WHAT THE EXERCISE ASKS:
Your reply should be the whole listing, copied exactly, with the pictures left out.

DATA BELOW below:

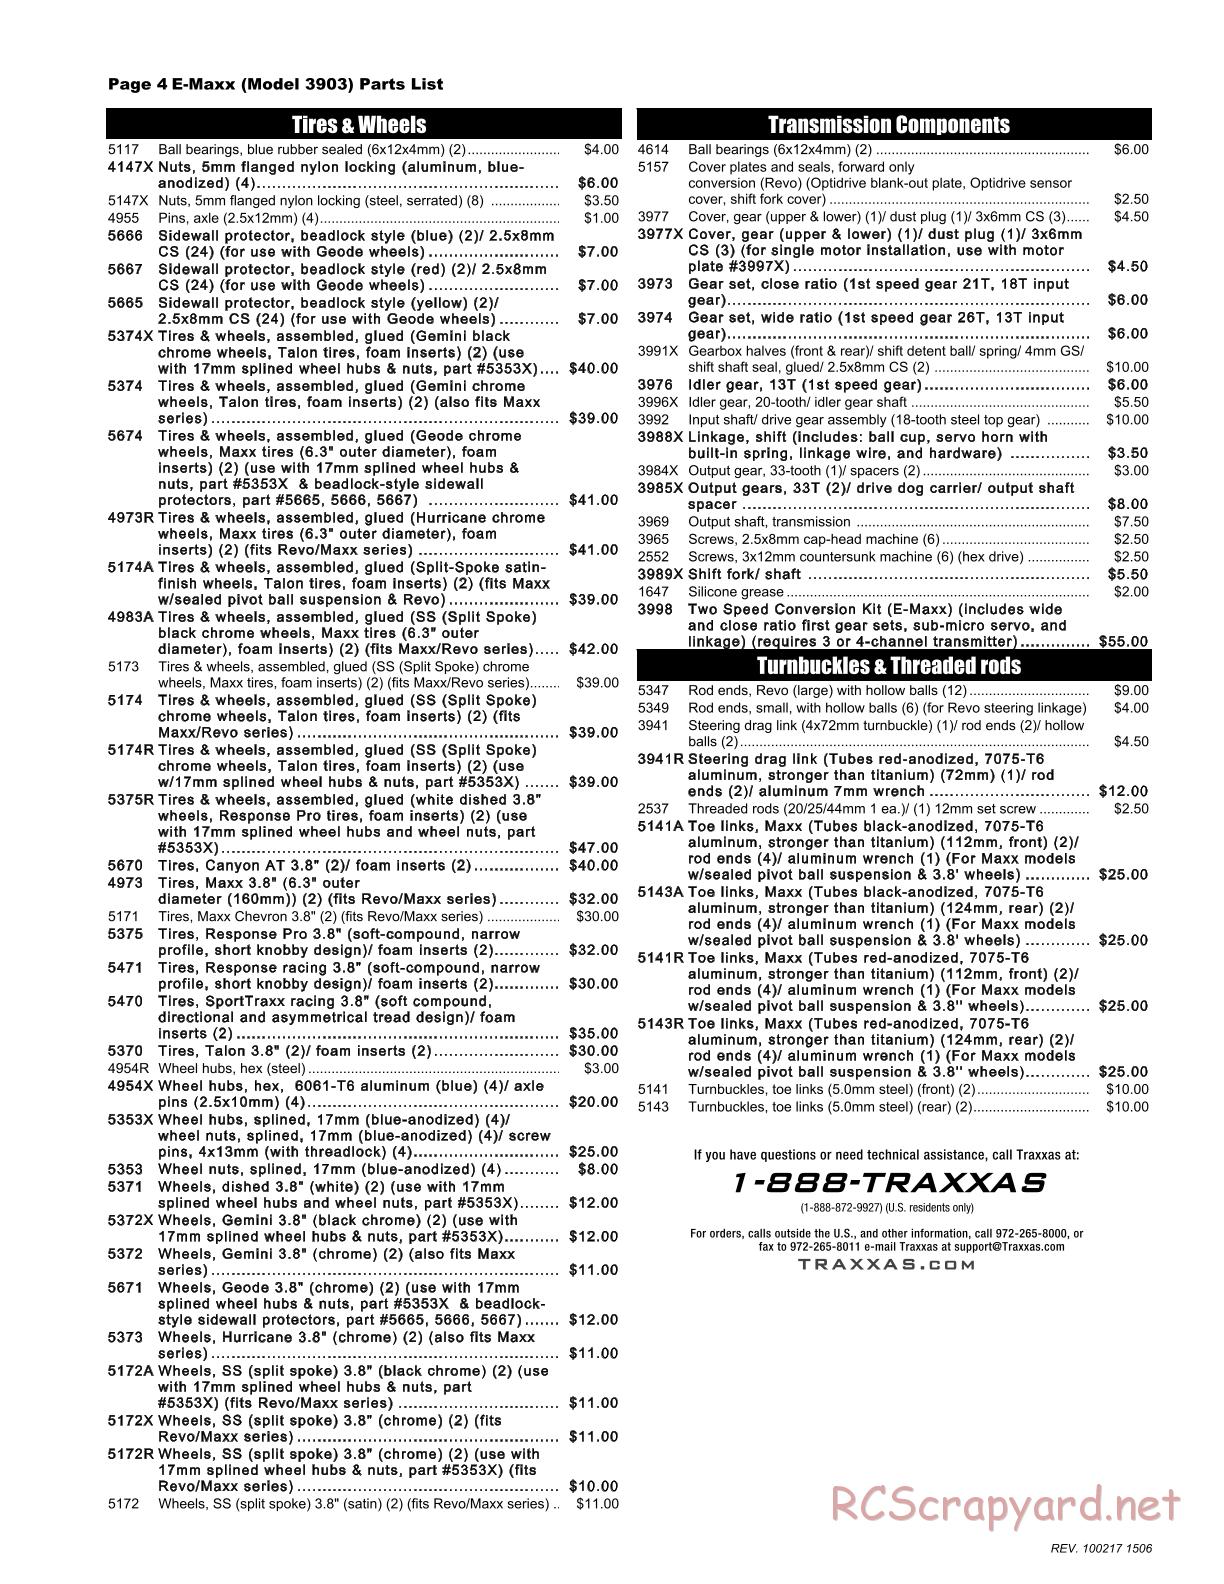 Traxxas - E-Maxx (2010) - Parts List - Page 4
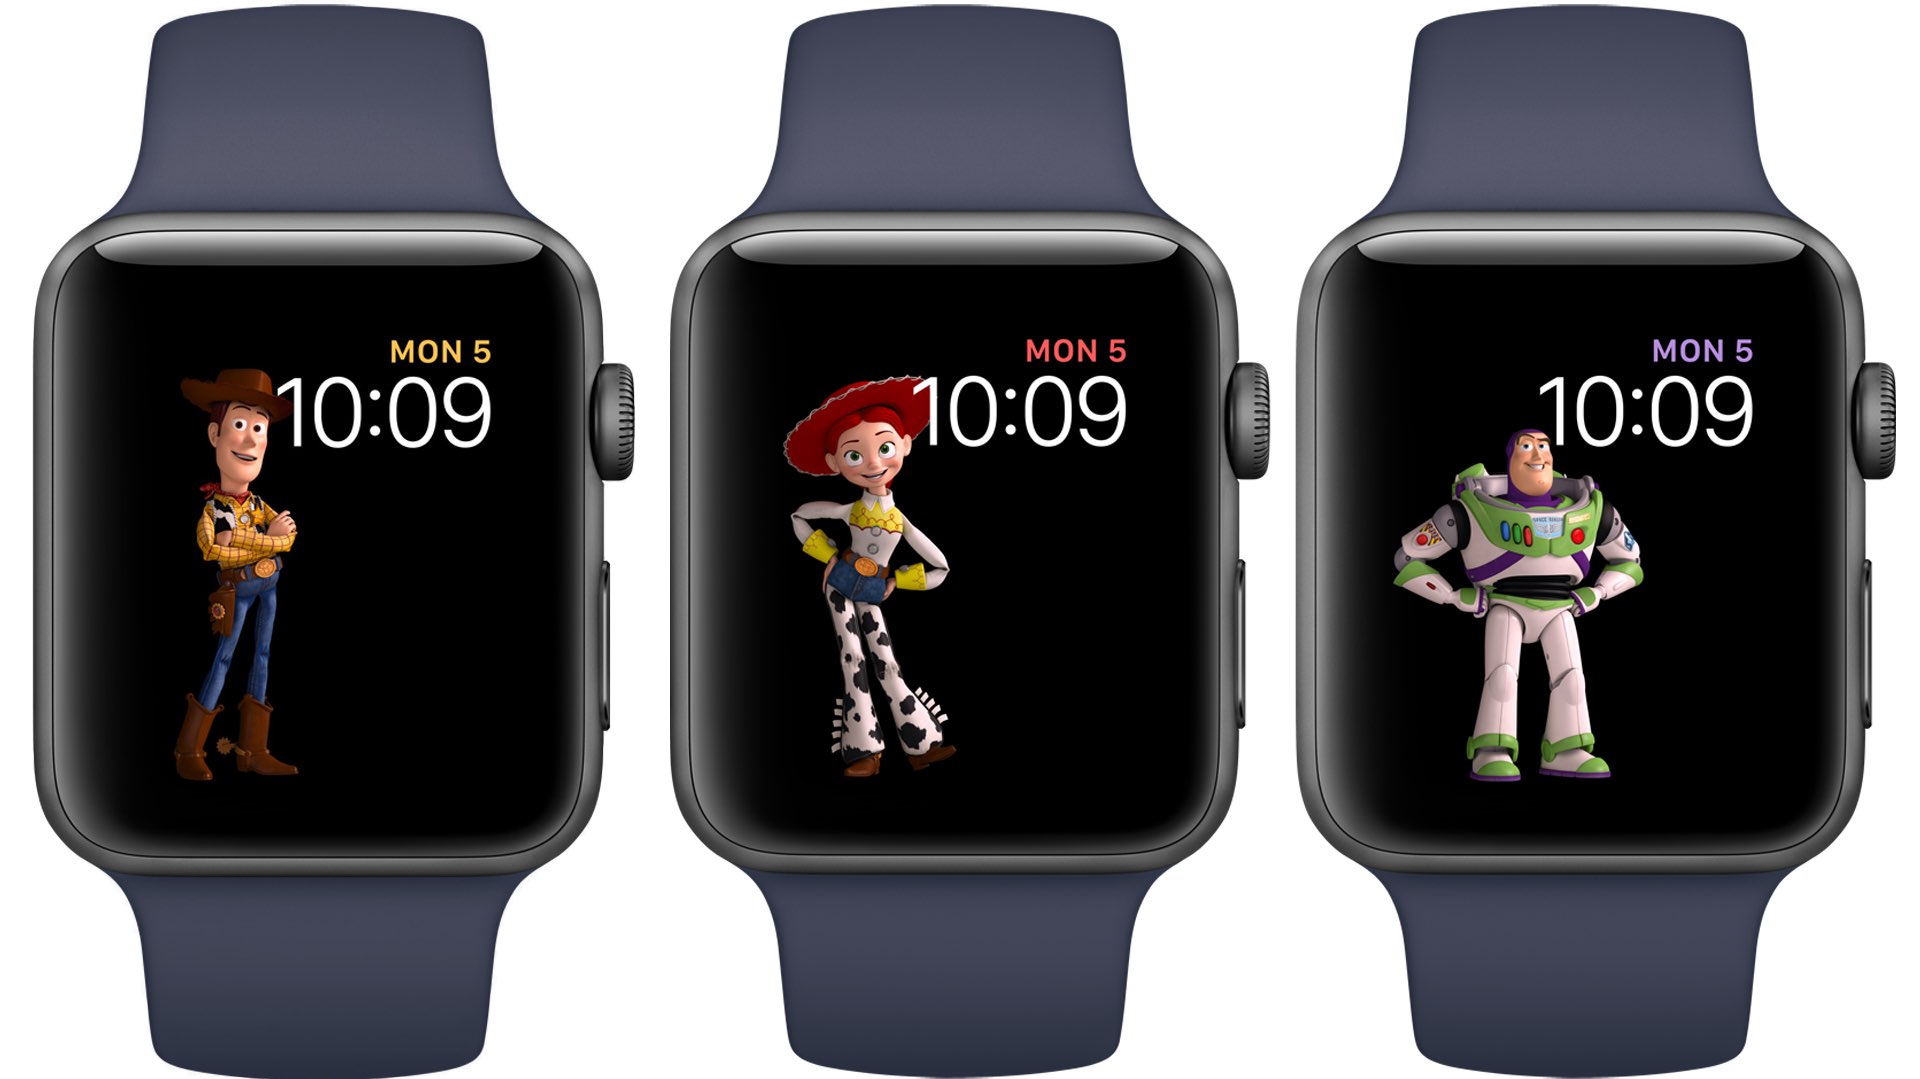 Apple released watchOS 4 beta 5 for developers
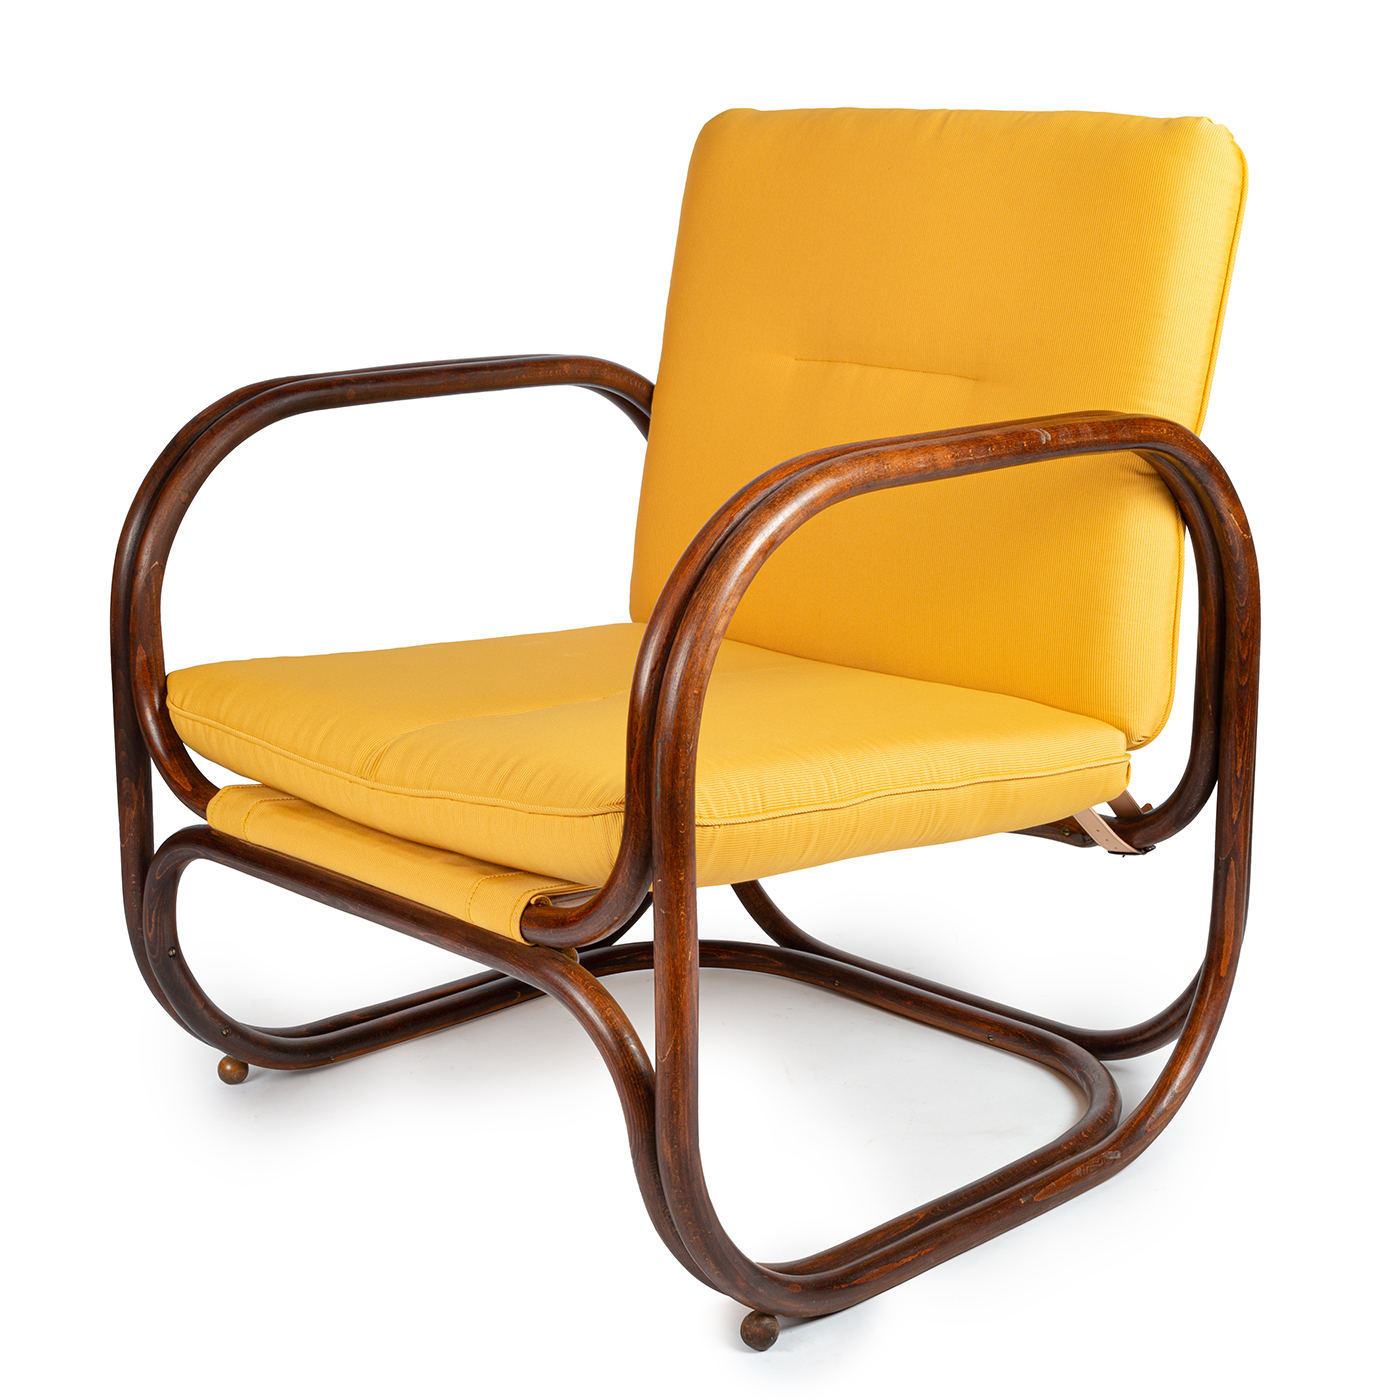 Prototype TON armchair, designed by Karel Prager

End of DATA BELOW.

ANSWER TO THIS PROBLEM:
 Traxxas - E-Maxx (2010) - Parts List - Page 4
 Apple released watchOS 4 beta 5 for developers
 Prototype TON armchair, designed by Karel Prager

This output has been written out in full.